I was inspired by your bleach projects and was going to make matching tshirts for my DIL & GD. I could not find a colored baby onesie to save my life. So, I did the same thing only used spray color instead of bleach. My technique was a bit unpracticed, but it worked. No photos as it took so long for me to work through it, I had to finish and mail out without them. Thanks for the crafting idea!


----------



## aljellie (Mar 4, 2011)

That's not just cool, that's supercool. You could actually sell those on Etsy.


----------



## Jlee2dogs (Apr 24, 2013)

Awesome! Love it and will try it soon. Many thanks for the great photo and sharing the instructions.


----------



## grannysk (Nov 7, 2011)

????????


----------



## String Queen (Apr 9, 2012)

Very cool indeed!! One of a kind!!


----------



## Deasert Jewel (Jun 5, 2016)

Fantastic you clever lady you!
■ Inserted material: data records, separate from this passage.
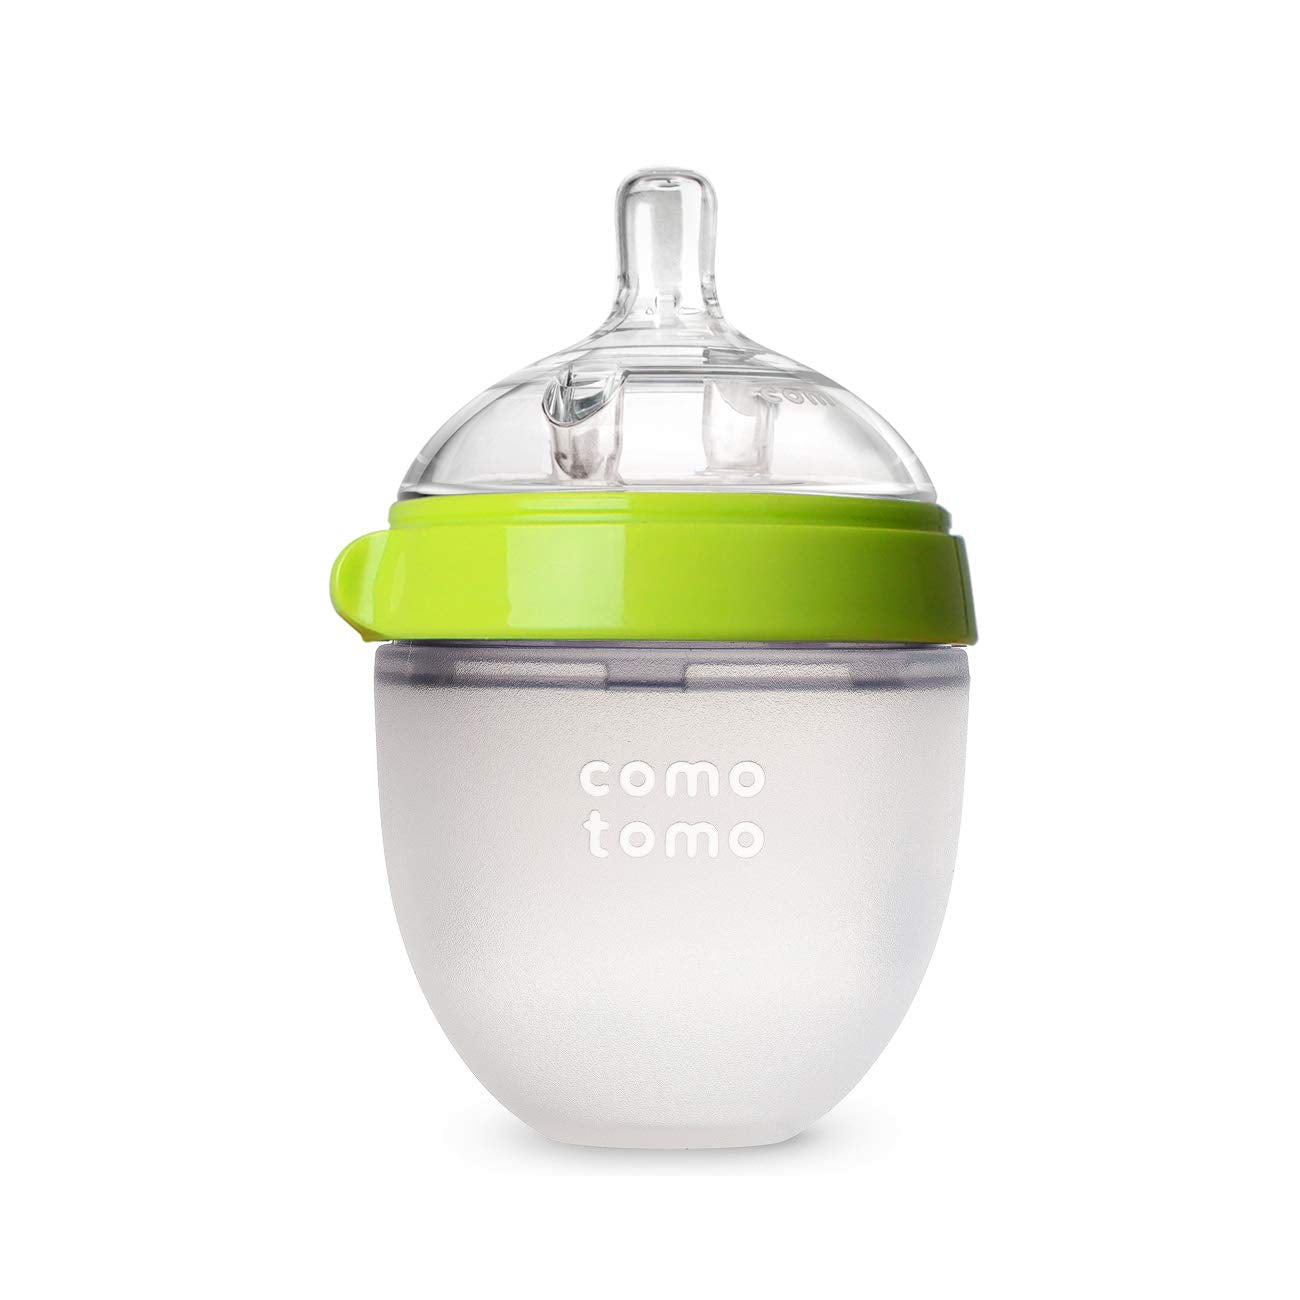 Comotomo Natural Feel Baby Bottle, Green, 5 Ounces, Single
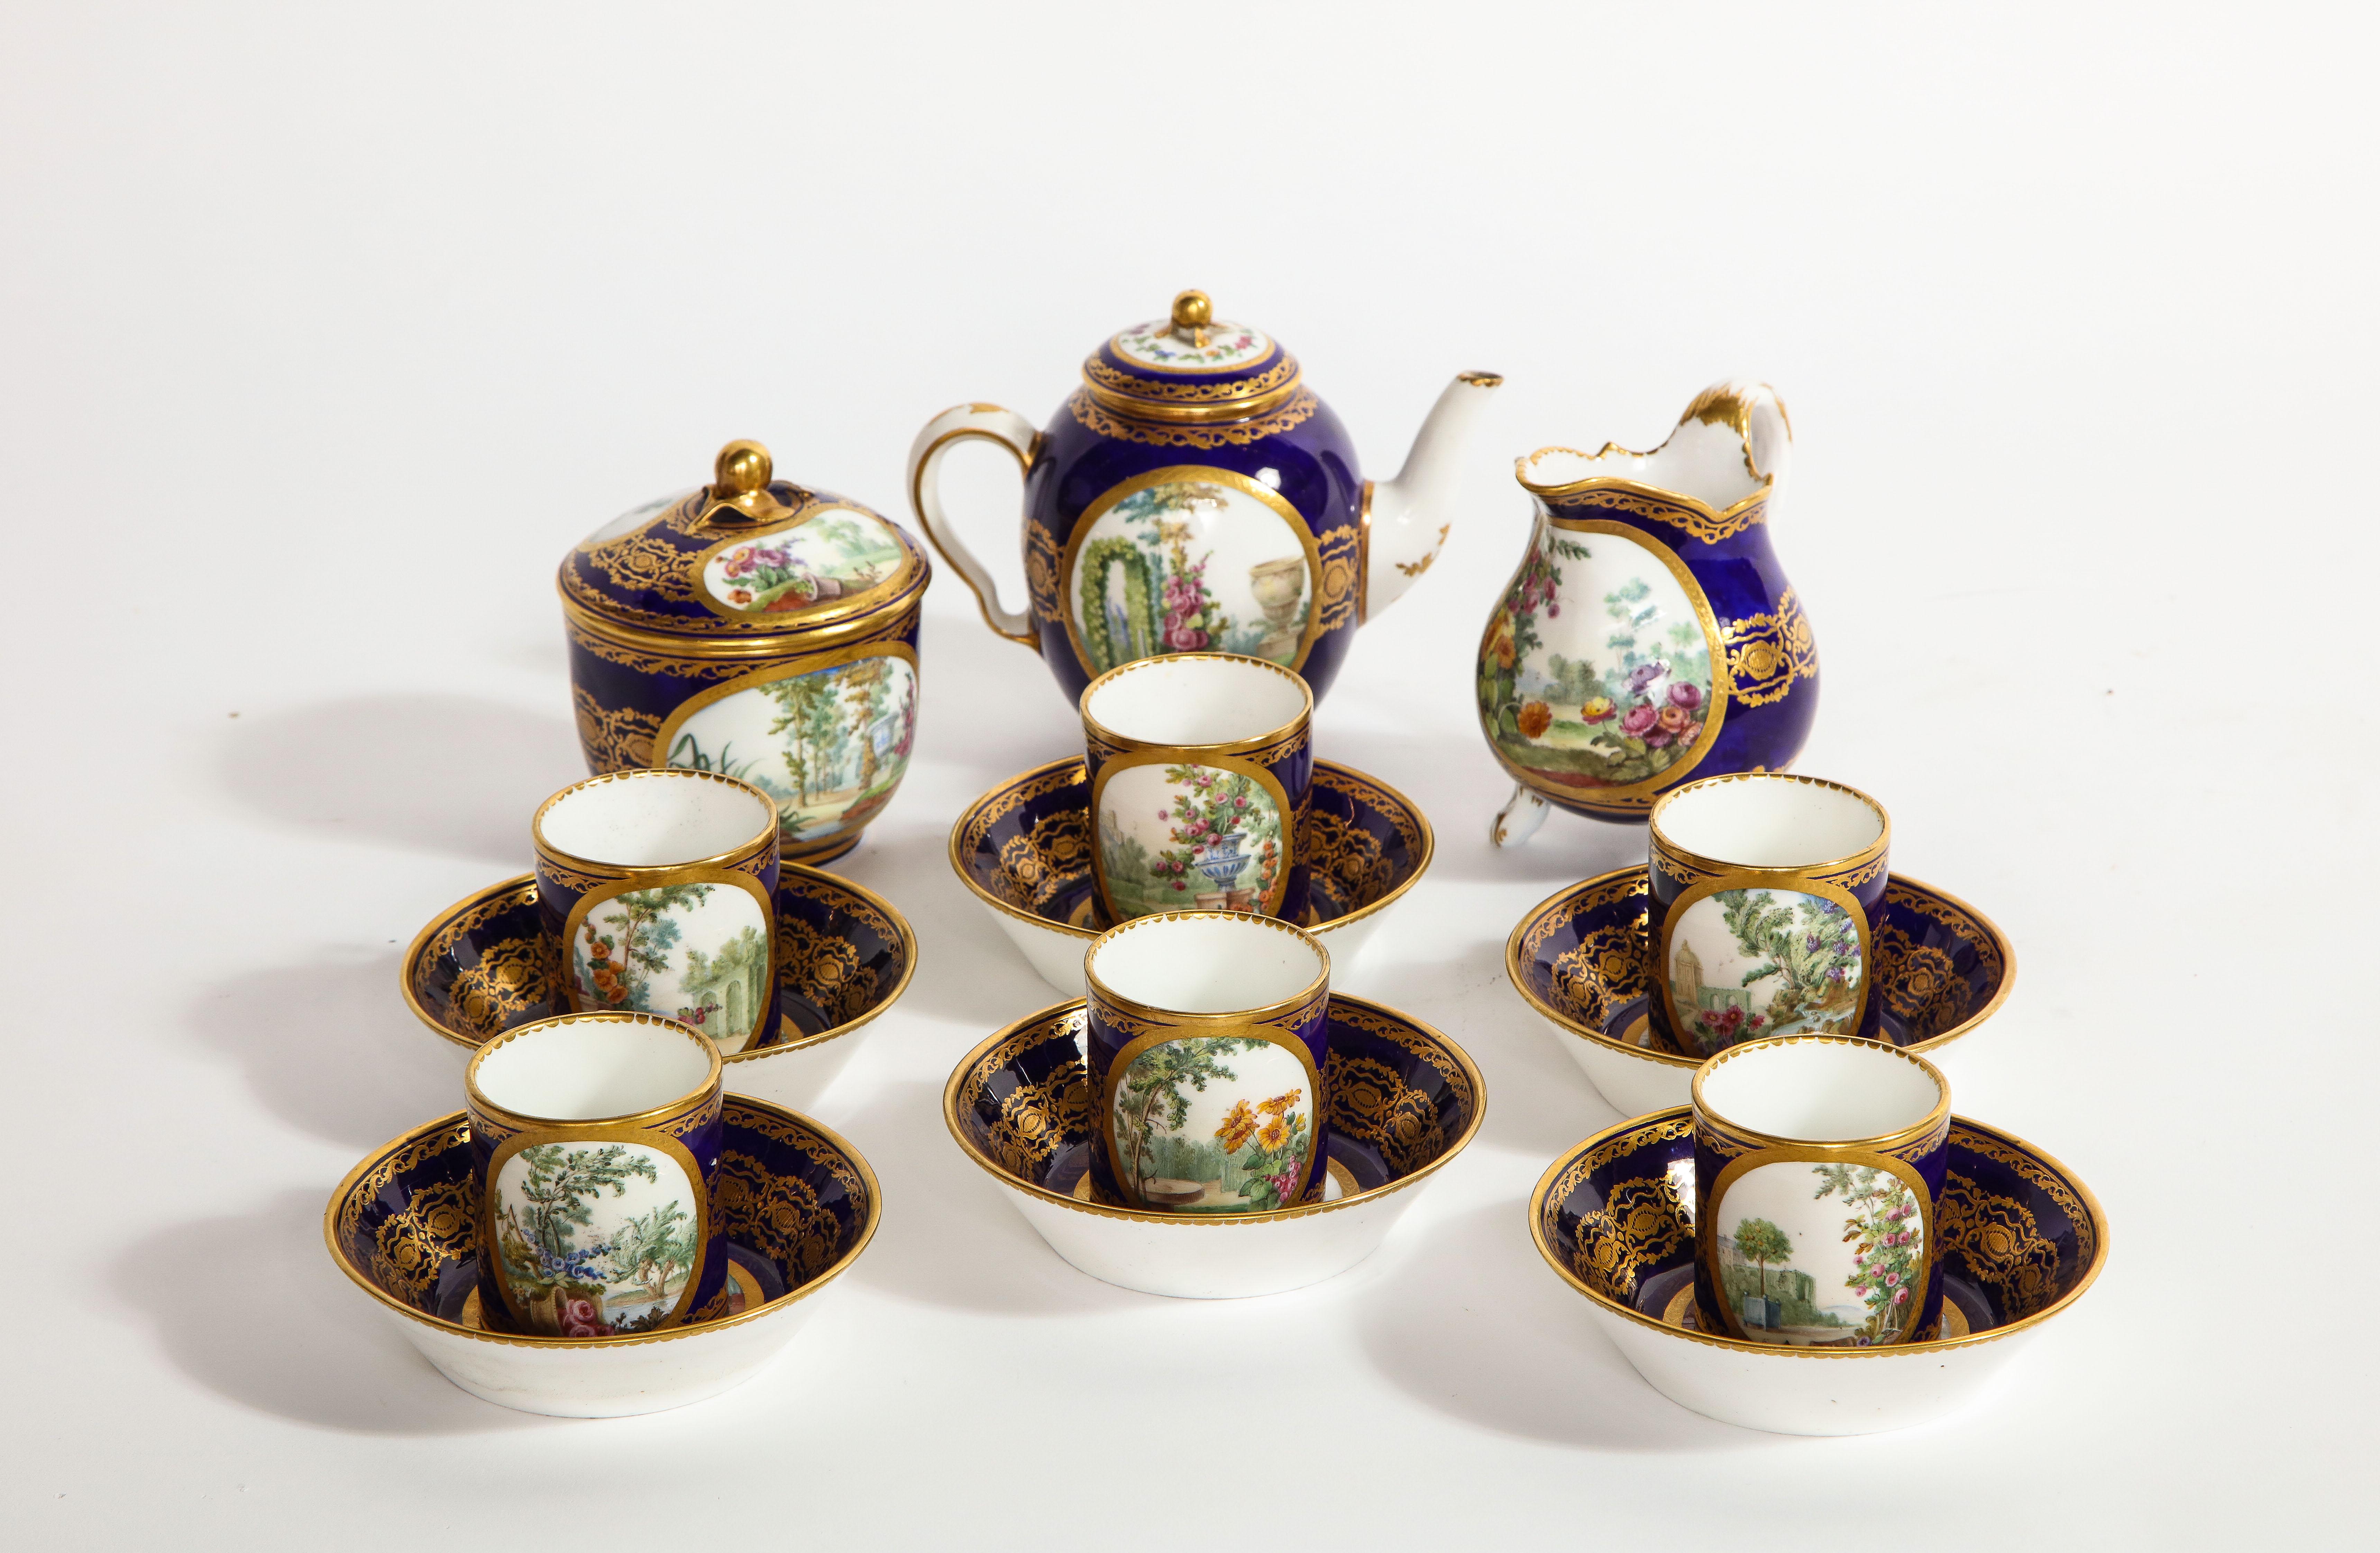 Merveilleux service à thé complet en porcelaine de Sèvres d'époque Louis XVI, avec lettre de datation pour 1782. Décor de paysages sur un fond bleu foncé 
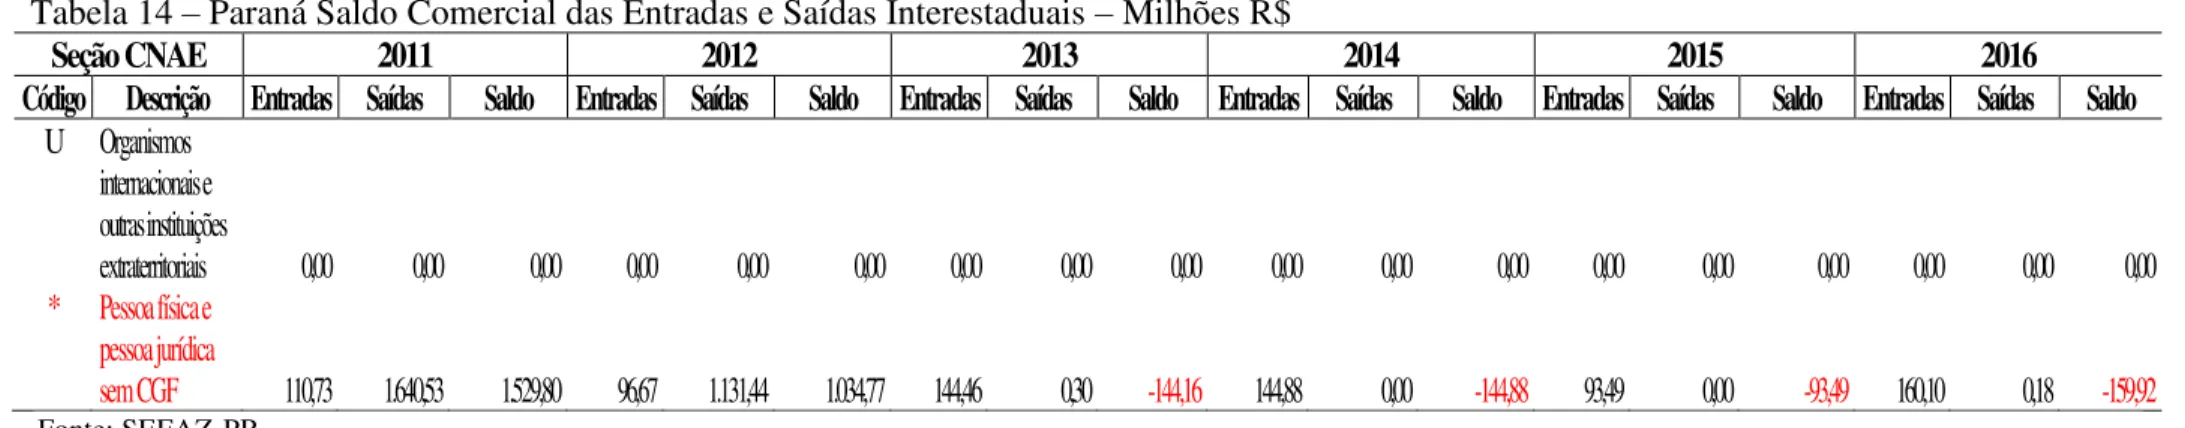 Tabela 15 – Mato Grosso Saldo Comercial das Entradas e Saídas Interestaduais – Milhões R$

Haha


----------



## Damama (Oct 2, 2011)

Turned out so pretty, well done.


----------



## Susan Marie (Jul 26, 2013)

That came out wonderfully.


----------



## Hazel Blumberg - McKee (Sep 9, 2011)

I just love this! I must have missed your past bleach projects, and I am so sorry that I did.

Hazel


----------



## maureenb (Apr 1, 2011)

it was a bit of trial and error,from leaving the bleach on too long,and finding pin holes in all of the first tee shirts,now,it's bleach,and hand rinse in cold water. Within 5 minutes.


----------



## yogandi (Mar 24, 2012)

Wow! how pretty!


----------



## seedee95758 (Dec 8, 2013)

Very pretty.


----------



## ChristmasTree (Nov 28, 2011)

maureenb said:


> I traced some of my projects onto freezer paper and ironed it on..with the butterfly paper doily,however,I used spray adhesive,let it alone for 5 minutes,then put it on shirt,it is a light tack..


Thanks, this sounds like a fun project.


----------



## BlueJay21 (Jan 4, 2013)

This is a great technique. I really must give it a try. Thank you for the instructions.


----------



## wordancer (May 4, 2011)

How super clever!! Thanks!


----------



## yona (Feb 7, 2011)

Beautiful.


----------